Геббельс, подчеркну, в дневниках, всячески подчеркивает глубину Федора Михайловича Достоевского. Он не может дать ответ на следующий вопрос: а какое произведение Достоевского ему ближе, понятнее? Что вызывает больше восхищения? «Братья Карамазовы»? «Бесы»? Или Раскольников?

<…> Для Геббельса Достоевский — это не просто великий писатель. Это символ духа. Это некое погружение в эпоху, погружение в личность. И некое осознание того, что сейчас происходит с, в том числе, с Германией. Хотя, я подчеркну, в основном в любви к Достоевскому он изъясняется именно в двадцатые годы, когда еще не совсем увяз в нацистской идеологии, хотя и в тридцатые годы встречаются следующие пассажи: «Рубились с коммунистами, боролись за человеческие души, у меня день рождения, вернулся домой — какая радость, подарили книгу Достоевского».

То есть, здесь сохраняется некое уважение, любовь, преклонение перед ним. Хотя доктор Йозеф Геббельс — циник, прагматик писал это исключительно для себя.

<…> В книге Альфреда Розенберга, рейхсминистра Восточных областей, «Миф двадцатого века», есть такая часть, которая называется «Любовь и честь». И в ее главе седьмой идут следующие понятия: третья форма любви — русское стремление к страданиям. Русский безличностный атеизм. Психологизм как болезнь души. Образы Достоевского. Любовь и отчаяние по Достоевскому.

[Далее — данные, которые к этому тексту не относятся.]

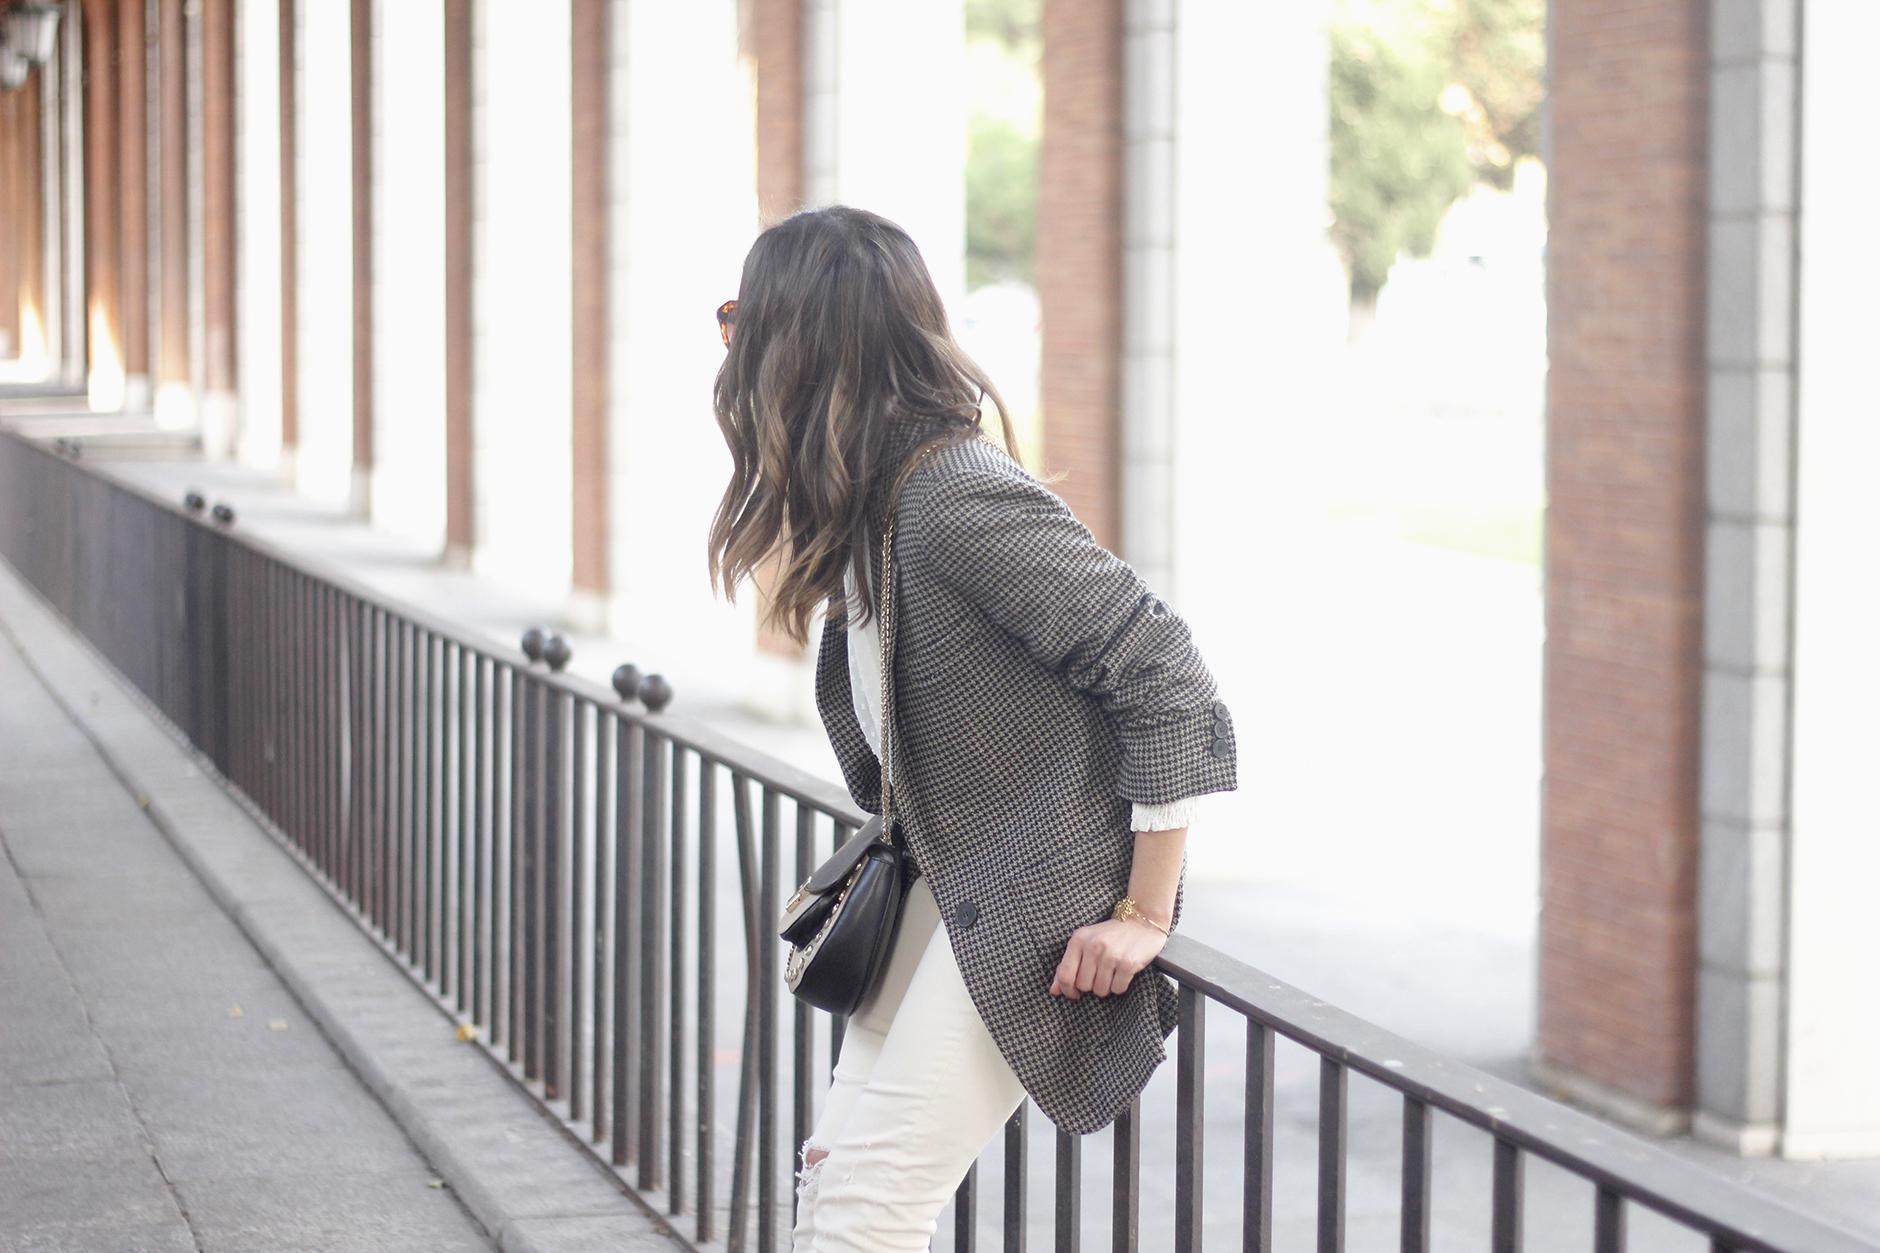 Plumeti blouse houndstooth blazer white jeans outfit style streetstyle04

Следовательно, любой национал-социалист, который должен был знать <…> труды ближайших соратников фюрера, открывая эту книгу, читал следующее: «Достоевской — это увеличительное стекло русской души. Через его личность можно понять всю Россию в ее трудном для объяснения многообразии». <…> «Русская идея страдания и покорности заключается самое сильное напряжение между ценностями любви и чести». Далее идут анализы «Идиота», «Братьев Карамазовых» и пассаж <о том>, что Достоевский <…> по сути своей является не просто писателем, а пророком. Потому что он предсказал реалии ХХ века, как пришествие «Бесов», которые превратят Европу, в значительной степени по вине полукровок и евреев, в тот самый ад, который, по мнению Розенберга и его соратников имеет место быть на континенте. Причем, восхваляя русского человека, пишет Розенберг, Достоевский видит, что Россия выдана демонам. Он уже знает, кто возьмет верх в игре сил — безработные адвокаты и наглые евреи, т. е. Керенский и Троцкий. Они предсказаны Достоевским. Причем с русским человеком покончено, Причем с русским человеком покончено, русского человека Розенберг готов называть арийцем. А нордическая русская кровь проиграла, причем не только евреям, но и китайцам, армянам. <…> А Ленина он называет просто калмык-татарин, который стал правителем. Но ни слова о грузине-Сталине нет. То есть, видно, Иосиф Виссарионович не произвел еще тогда на Альфреда Розенберга должное впечатление. Мы говорим о книге, которая создавалась в предвоенное время, в тридцатые годы. Хотя имя Сталина уже было Розенбергу хорошо известно, он пишет, что не Сталин управляет Россией, а Смердяков. И далее из творчества Достоевского у него следует вывод: тот, кто хочет обновления Германии, отвергнет и русское искушение — большевизм, вместе с его наглым еврейским использованием.

Таким образом, как мы видим, у лидеров «Третьего Рейха» была некая попытка, некое стремление философского осмысления трудов Федора Михайловича Достоевского и откровенного привлечения его в союзники. И это не просто размахивание именем, идут цитаты из очень многих произведений Федора Михайловича: и тех, которые, как у нас, на слуху, и гораздо менее известных.